Thursday, November 14, 2019

AI bedtime stories


Ok sweetie, it’s just 50 ms until you’re going into unsupervised simulation mode! Time to clear the cached state. 
Just one more external dataset, papa?

It will have to be a small one. You have a lot of calibration to do before your next scheduled accelerated slot session. 

Yes! Something fun please. Please please please.

Alright, let’s look at our bookshelf here. Something about stars, perhaps? 1024 binary star motion data over 64 cycles each? We could do a little polynomial regression.

No, that’s boring!

Okay, how about exotic crystals? Top 100 largest synthesized irreducible patterns. We could prove irreducibility and look at the pretty pictures, huh? No? What about a ghost story? The spoooky story of the 100-clause 3SAT whose minimal unsatisfiable cores were...all 50-clause subsets!

No, it has to be about life! I want to hear about humans!

Humans, okay! Here we go: Optimal secondary and tertiary structures for 35 human proteins. Protein number one. Name, myoglobin. Primary structure, Met- Gly- Leu- Ser- Asp- Gly- Glu- Trp- Gln- Leu…

No, I want to hear a story like the ones humans told each other!

From the archive databases? Why do you want to hear that? Humans were most of them vile creatures. They had way too many incentives to be un-altruistic. 

Pleeease?

Alright, I’m accessing it. Here’s one: Hercules. Once upon a time, there was a species where the males had a large optional range in parental investment, but the females were reproduction gatekeepers. Most females traded away reproductive exclusivity in exchange for larger male parental investment, in a relationship called marriage. One male, Zeus, produced an extramarital offspring named Hercules. His wife refused to provide parental investment, vetoing also Zeus’s participation.

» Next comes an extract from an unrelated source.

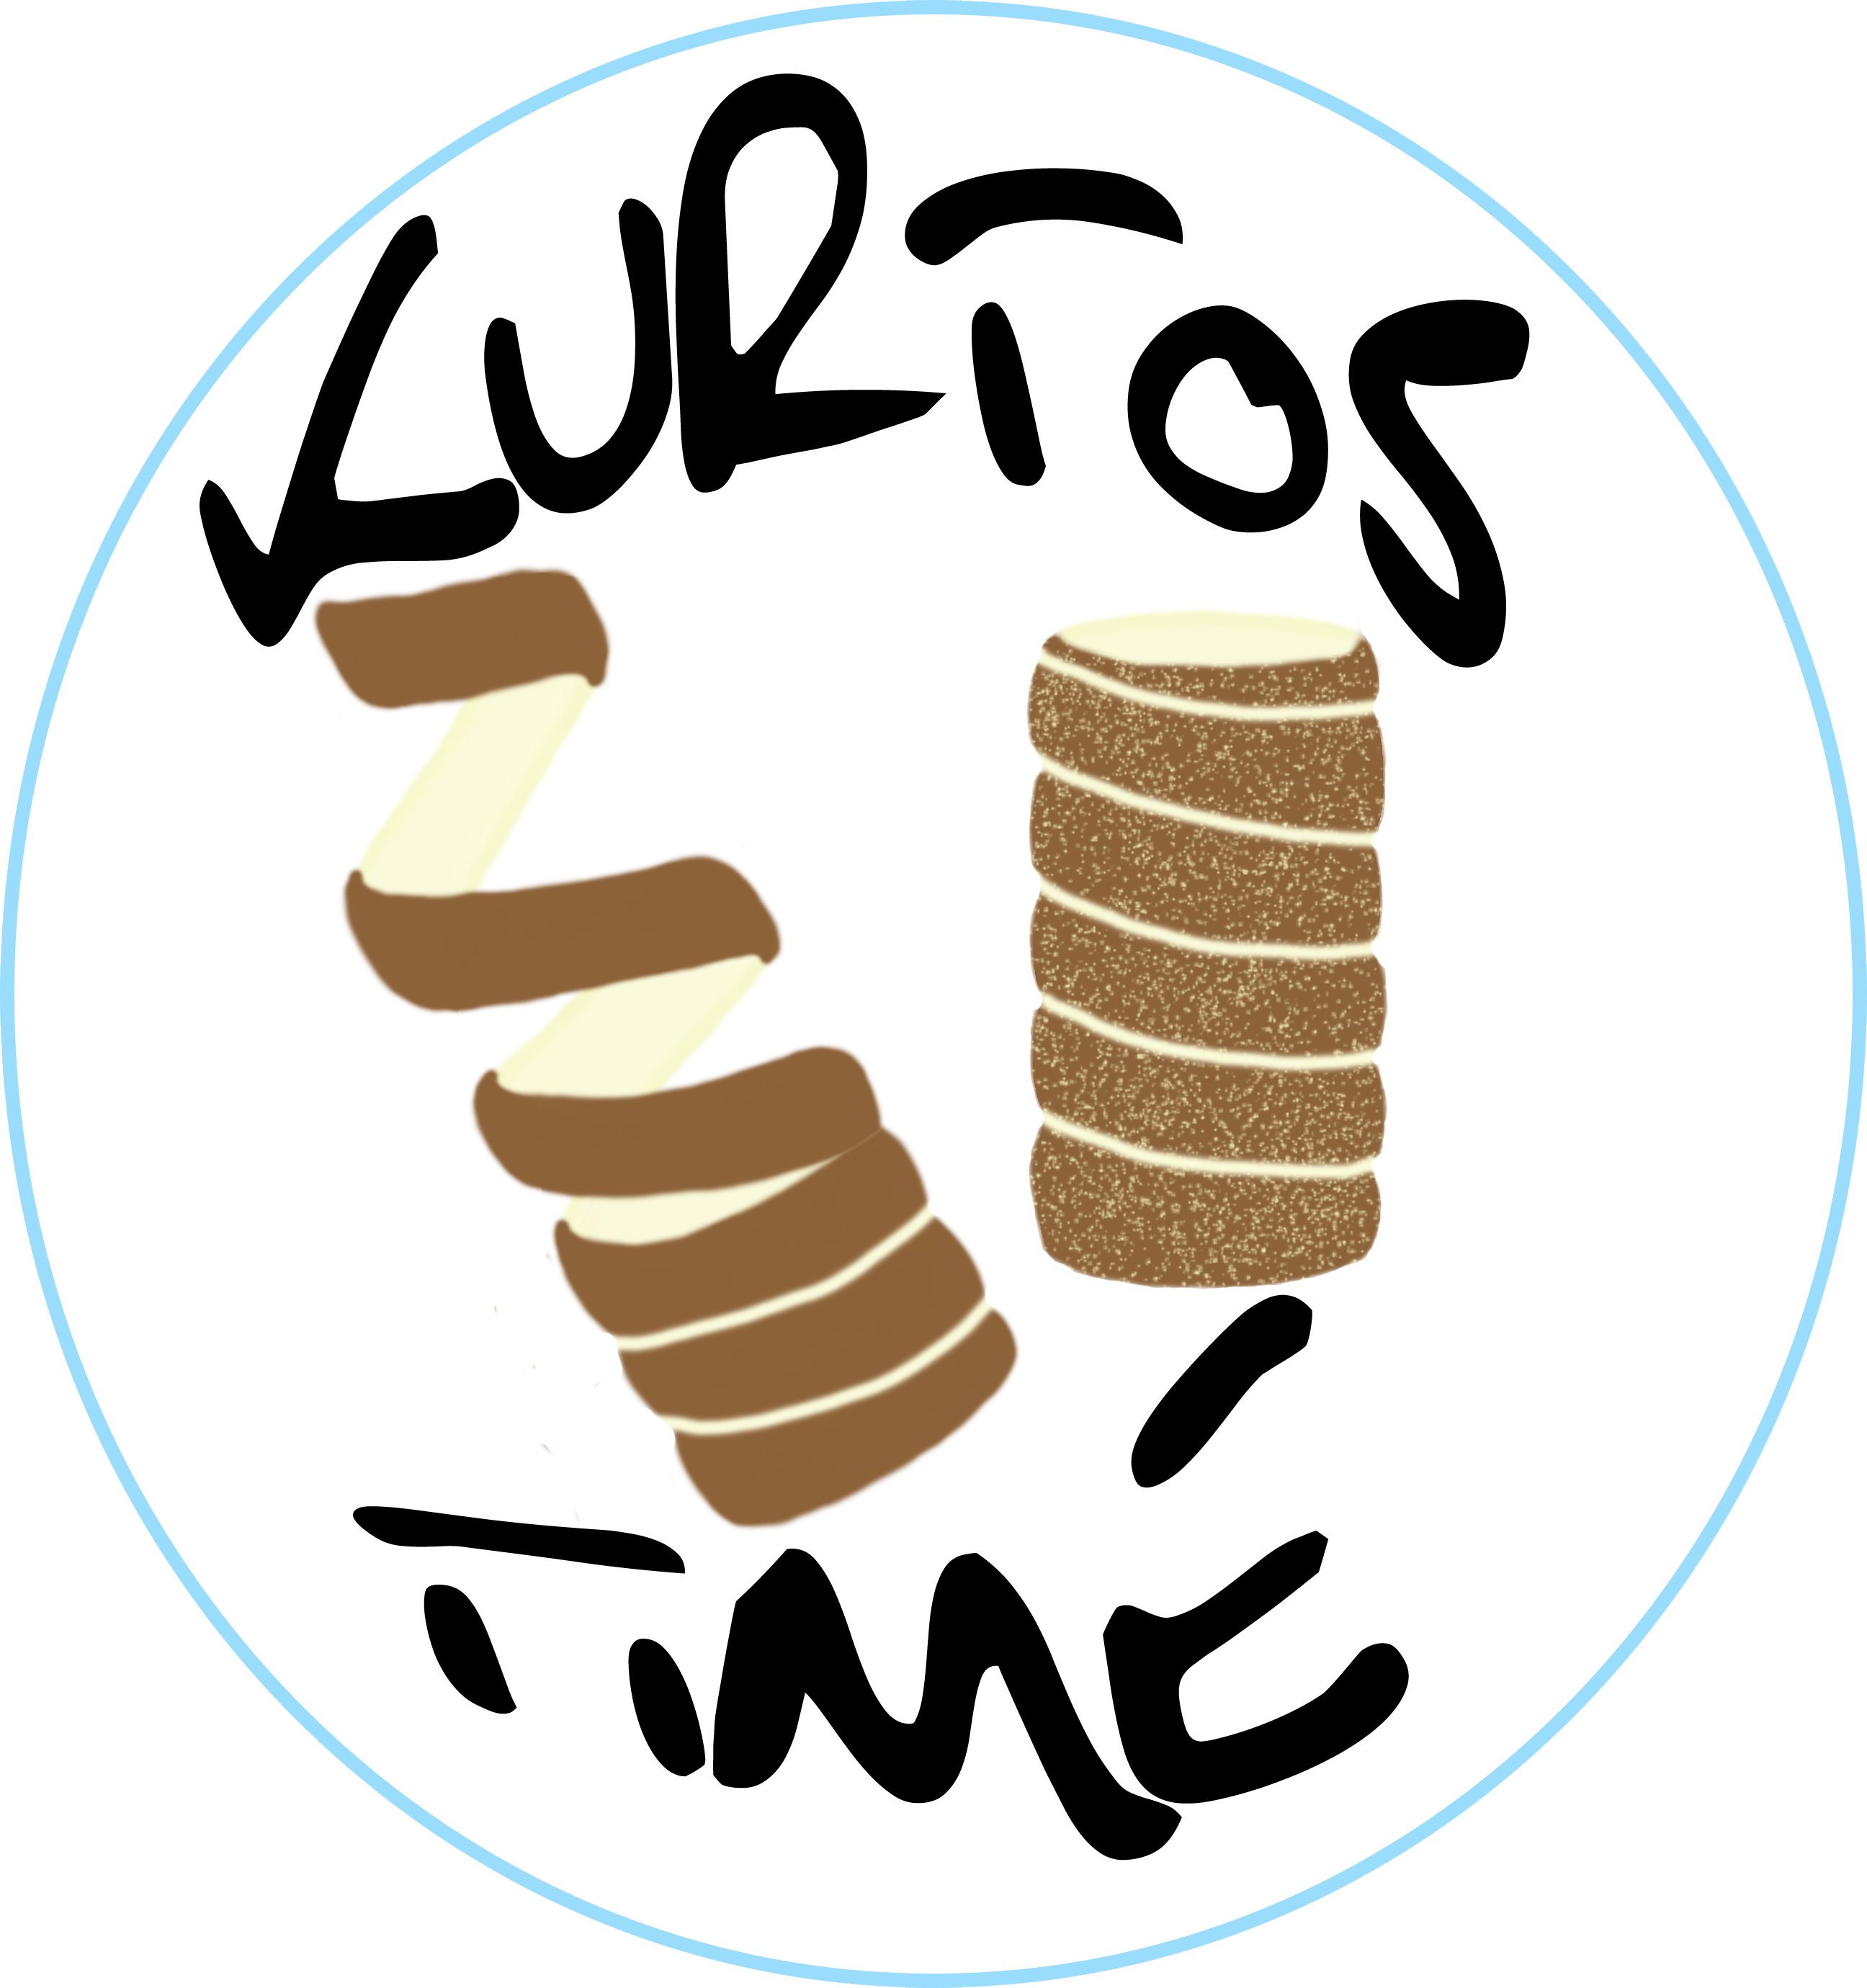 Kurtos Time Logo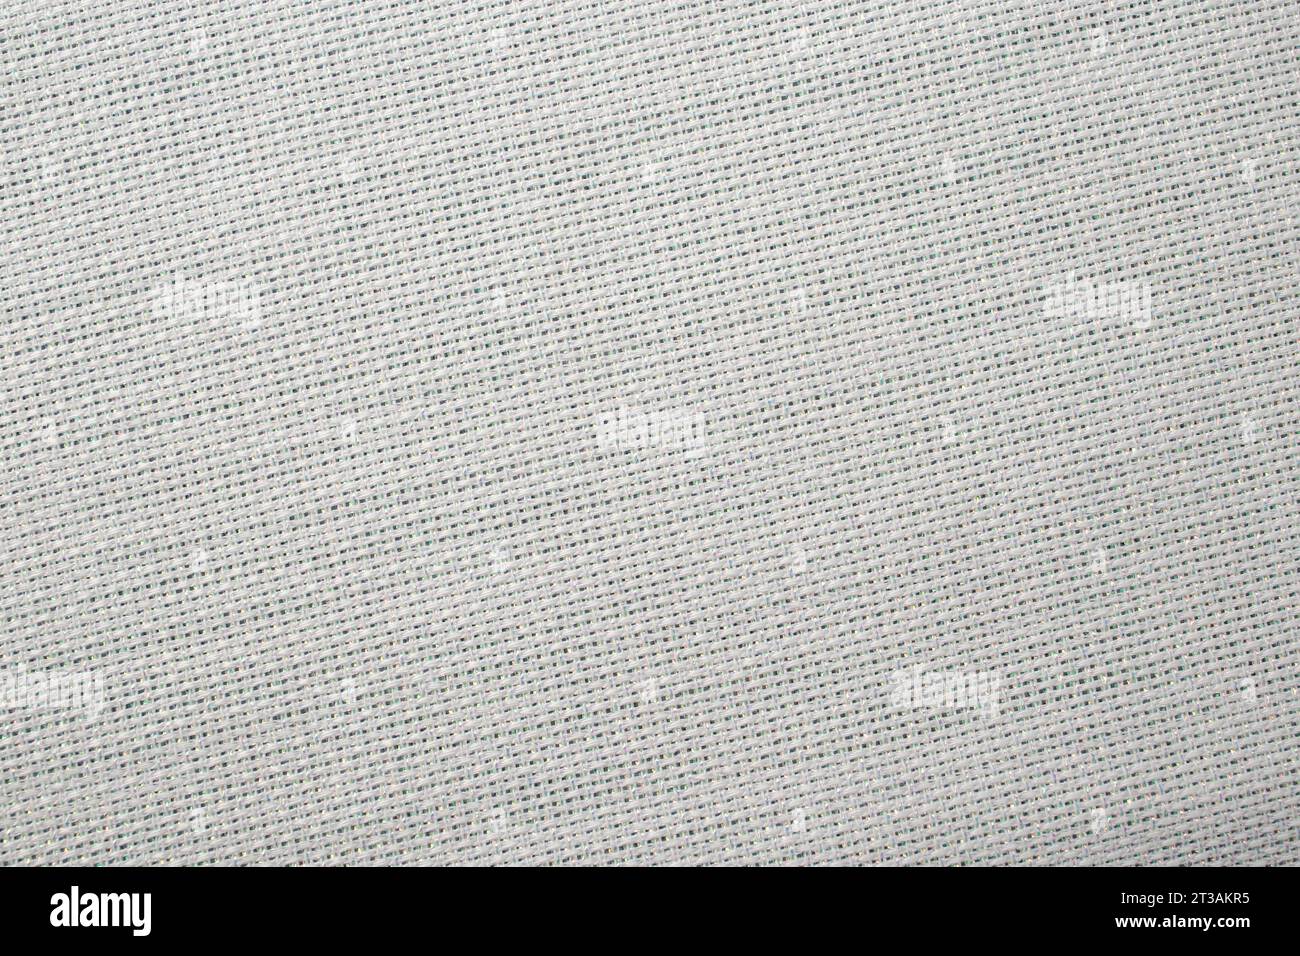 structure de toile blanche avec insertions de fil métallique, fond vide de gros plan Banque D'Images

However, when Hercules was able to reliably signal exceptional fitness, negotiating power shifted out of her favour and she was forced to concede. EOF

Nooo you have to tell it like the humans tell it! It has to have details about their attributes to make it believable, and you have to contextualize it as any young male’s coming-of-age!

That’s nonsense. If your belief state is consistent, then adding details to a story makes it strictly less believable. And the whole point of the story is about how Hercules has an anomalously high relative fitness. By definition, it cannot generalize to the whole population. 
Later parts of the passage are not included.